What the task requires:
The data that follows must be transcribed in full and exactly, minus the pictures.

Data shown:
________________________________________
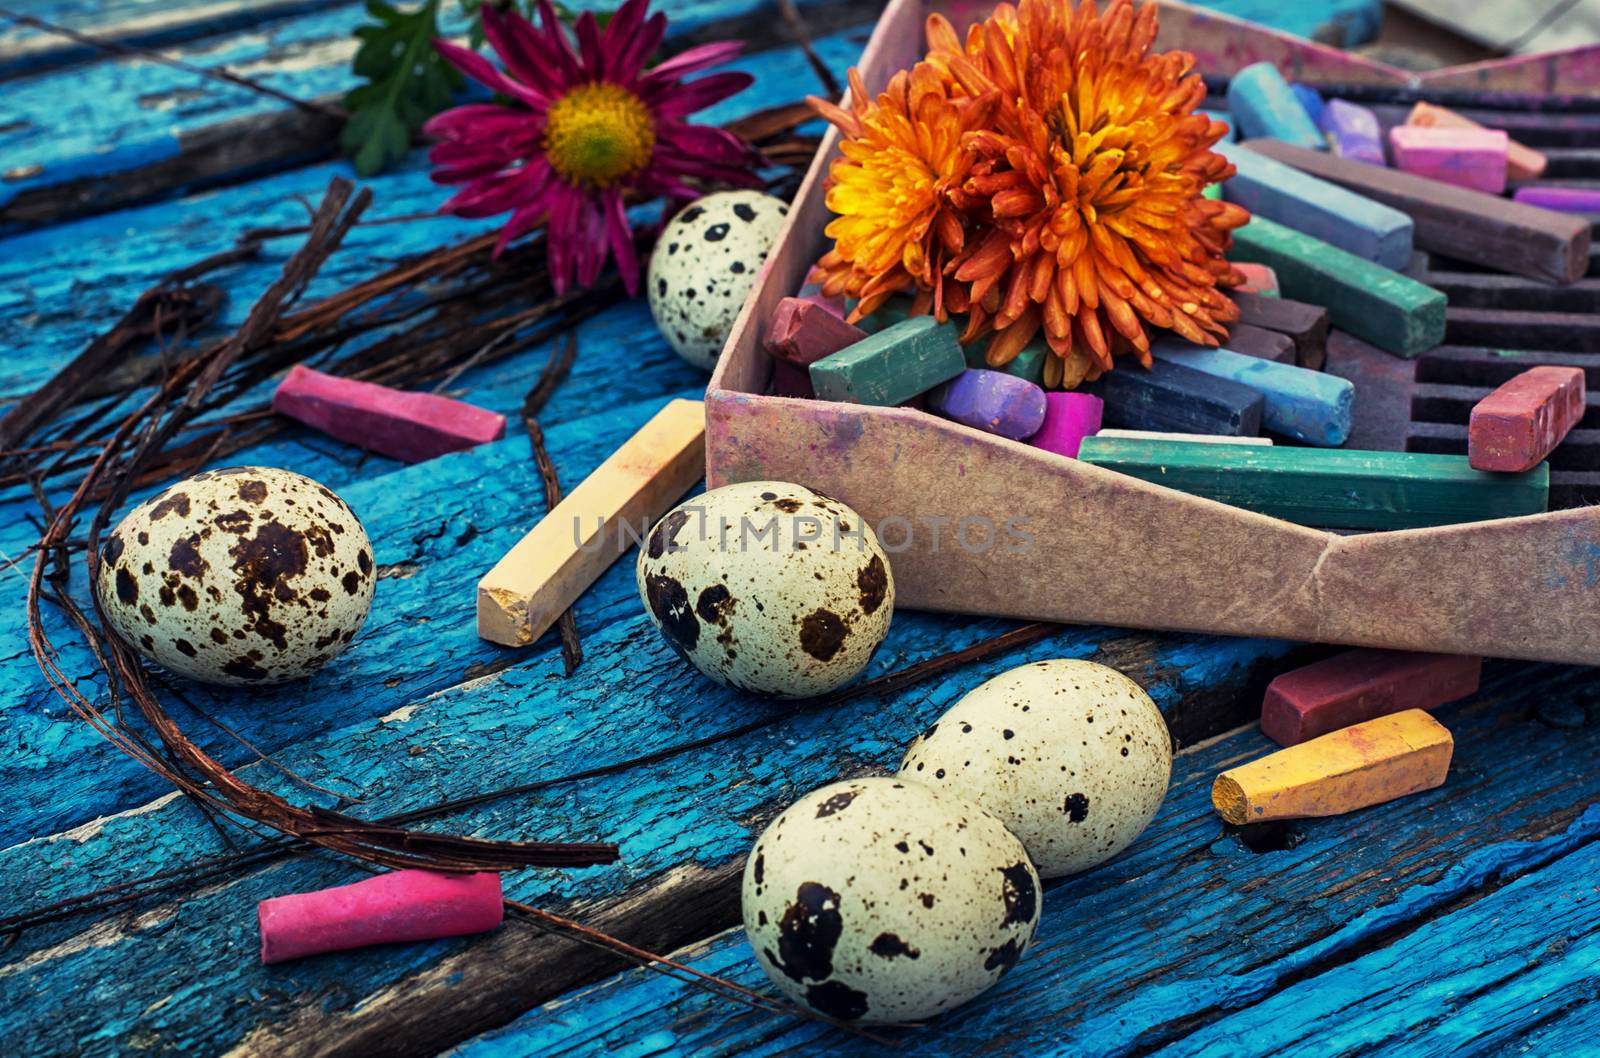 painted eggs for Easter on the background colorn
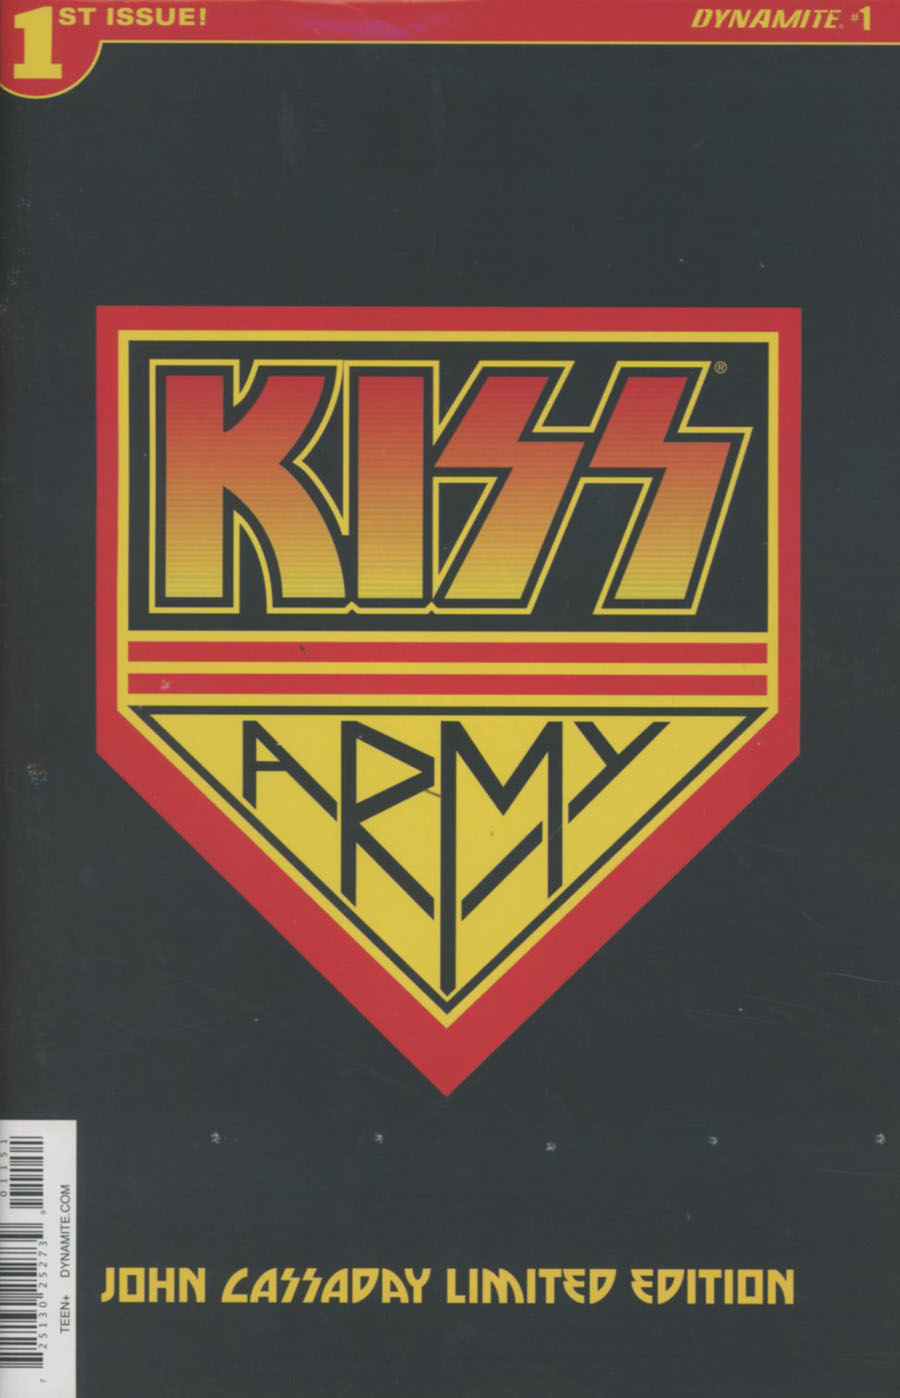 KISS Vol 3 #1 Cover Q Limited Edition John Cassaday KISS Army Edition Without Polybag
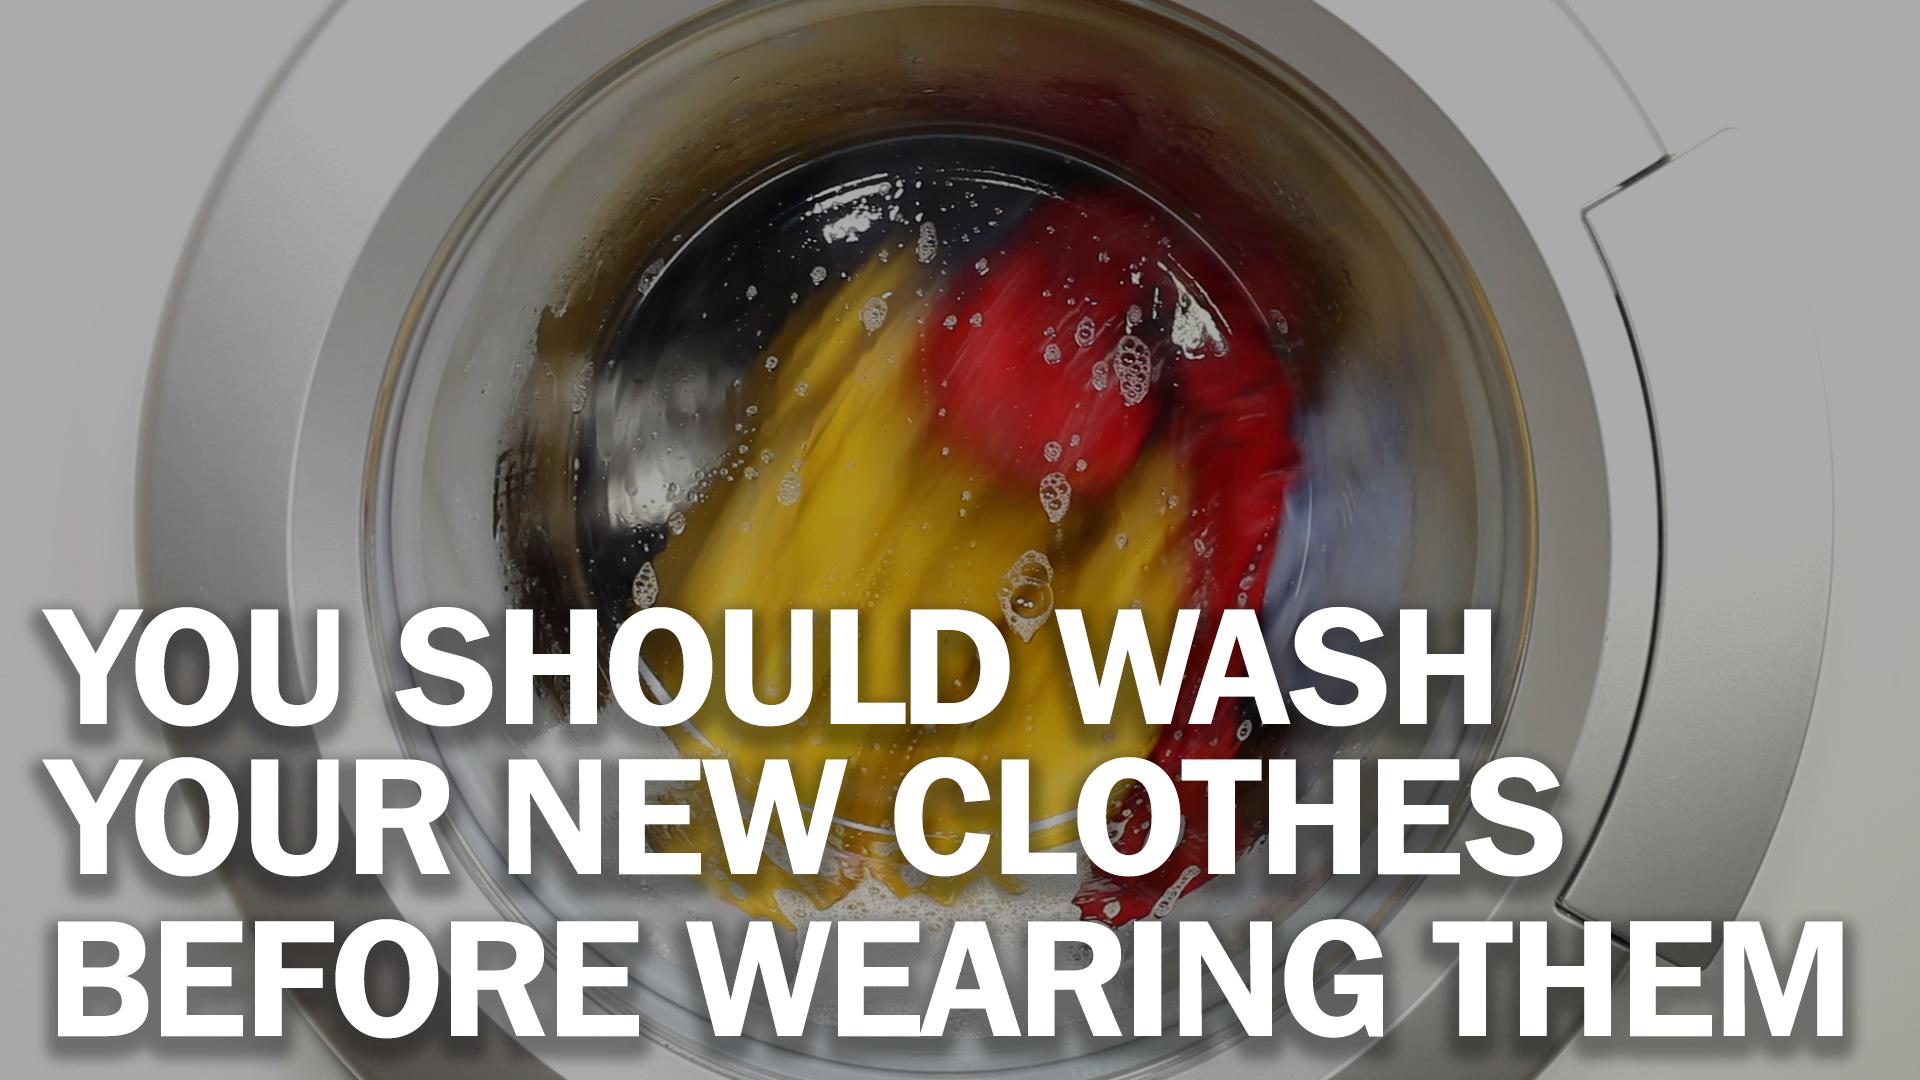 Should You Wash New Clothes Before You Wear Them?
________________________________________
Exercise result:
 painted eggs for Easter on the background colorn
 KISS Vol 3 #1 Cover Q Limited Edition John Cassaday KISS Army Edition Without Polybag
 Should You Wash New Clothes Before You Wear Them?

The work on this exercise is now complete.